'My Kink is Karma' de Chappell Roan es una canción que profundiza en las secuelas de una relación tóxica y la satisfacción que se deriva de presenciar la caída de una expareja. La letra describe una ruptura que no sólo fue emocionalmente dañina sino que también tuvo repercusiones prácticas, como tensión financiera y robo de identidad. La artista utiliza el término 'kink' metafóricamente para describir su fascinación por ver el karma en acción mientras su ex se enfrenta a una serie de desgracias.
El coro de la canción enfatiza que mientras otros pueden percibir su interés en las luchas de su ex como celos, ella aclara que su verdadero placer proviene de observar la retribución del karma. Esto sugiere un sentido de reivindicación y quizás una creencia en la justicia cósmica.

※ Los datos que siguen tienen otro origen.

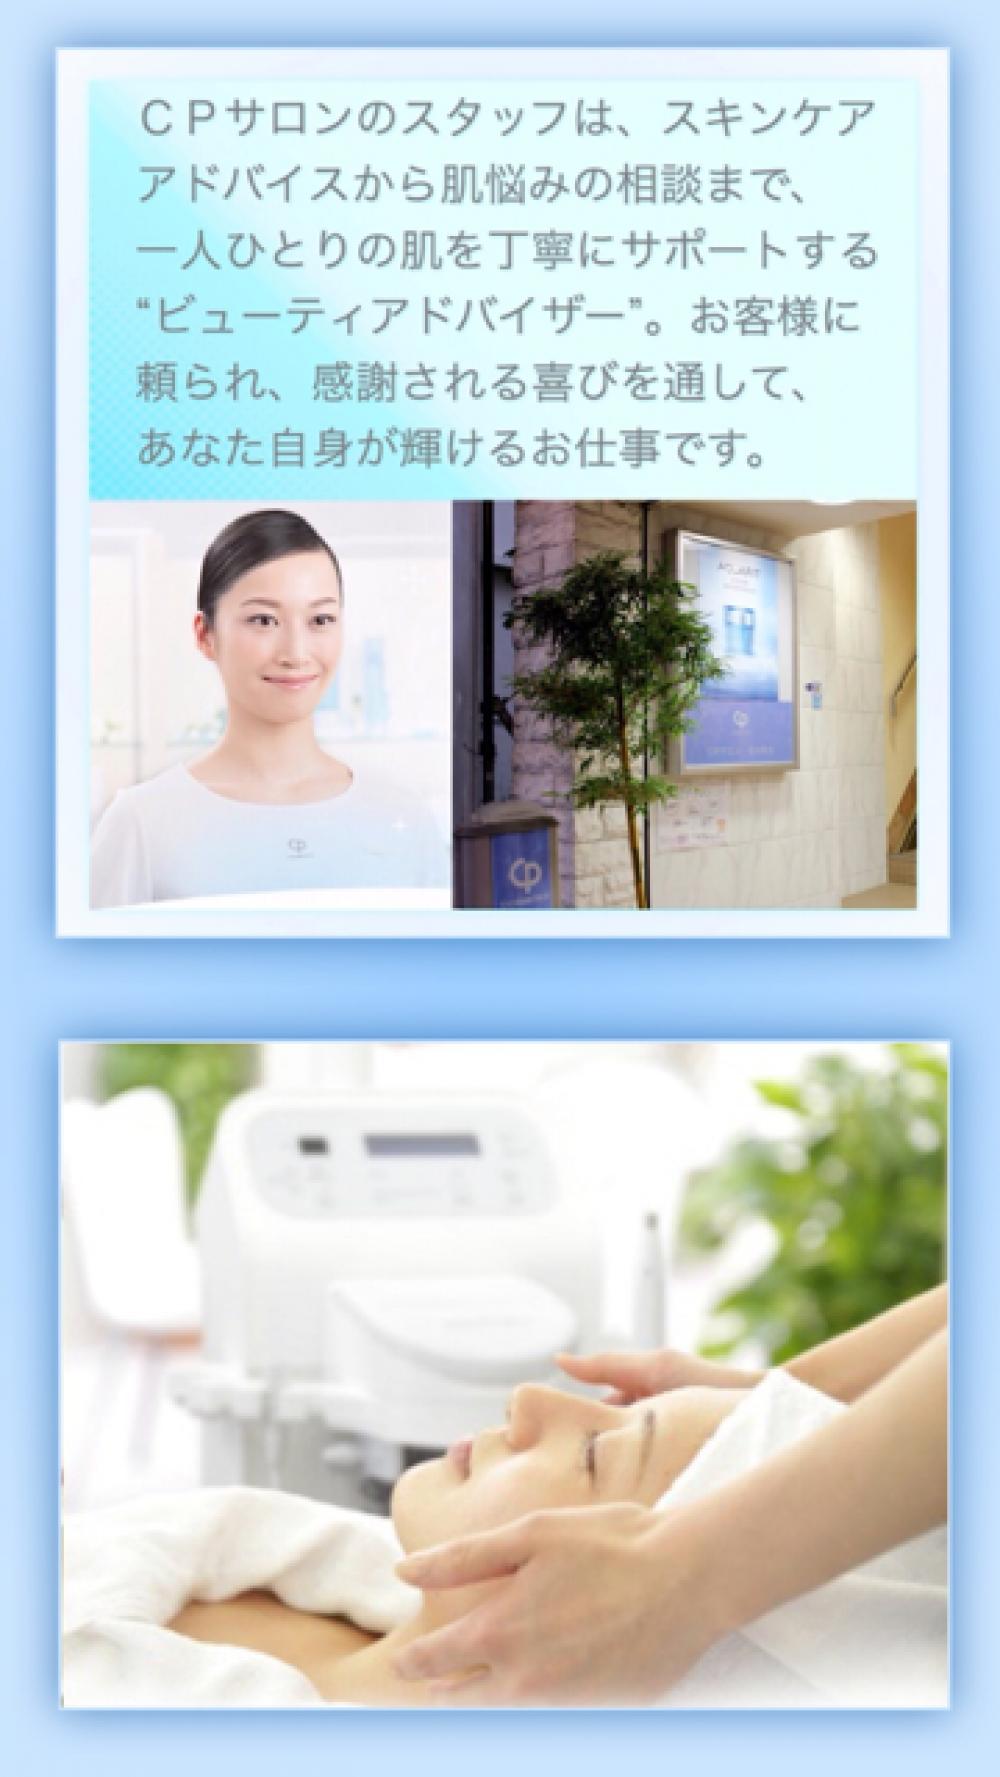 神奈川県の求人情報、アルバイト、バイト情報を多数掲載。

Las descripciones detalladas de las dificultades del ex, como volver a vivir con sus padres, salir con parejas mucho más jóvenes y crisis públicas, sirven para ilustrar el alcance de su declive. La repetición de 'Oh, Dios' podría interpretarse como una exclamación de incredulidad o una oración sarcástica por la situación del ex.
El trabajo de Roan a menudo explora temas de empoderamiento y autodescubrimiento, y esta canción no es una excepción. Al final de la canción, la cantante expresa una nueva confianza y seguridad en sí misma, contrastando la deteriorada situación de su ex. El arco narrativo de la canción, desde el dolor de la traición hasta el empoderamiento del crecimiento personal, resuena en los oyentes que han experimentado situaciones similares y encuentran consuelo en la idea de que las malas acciones eventualmente se corregirán.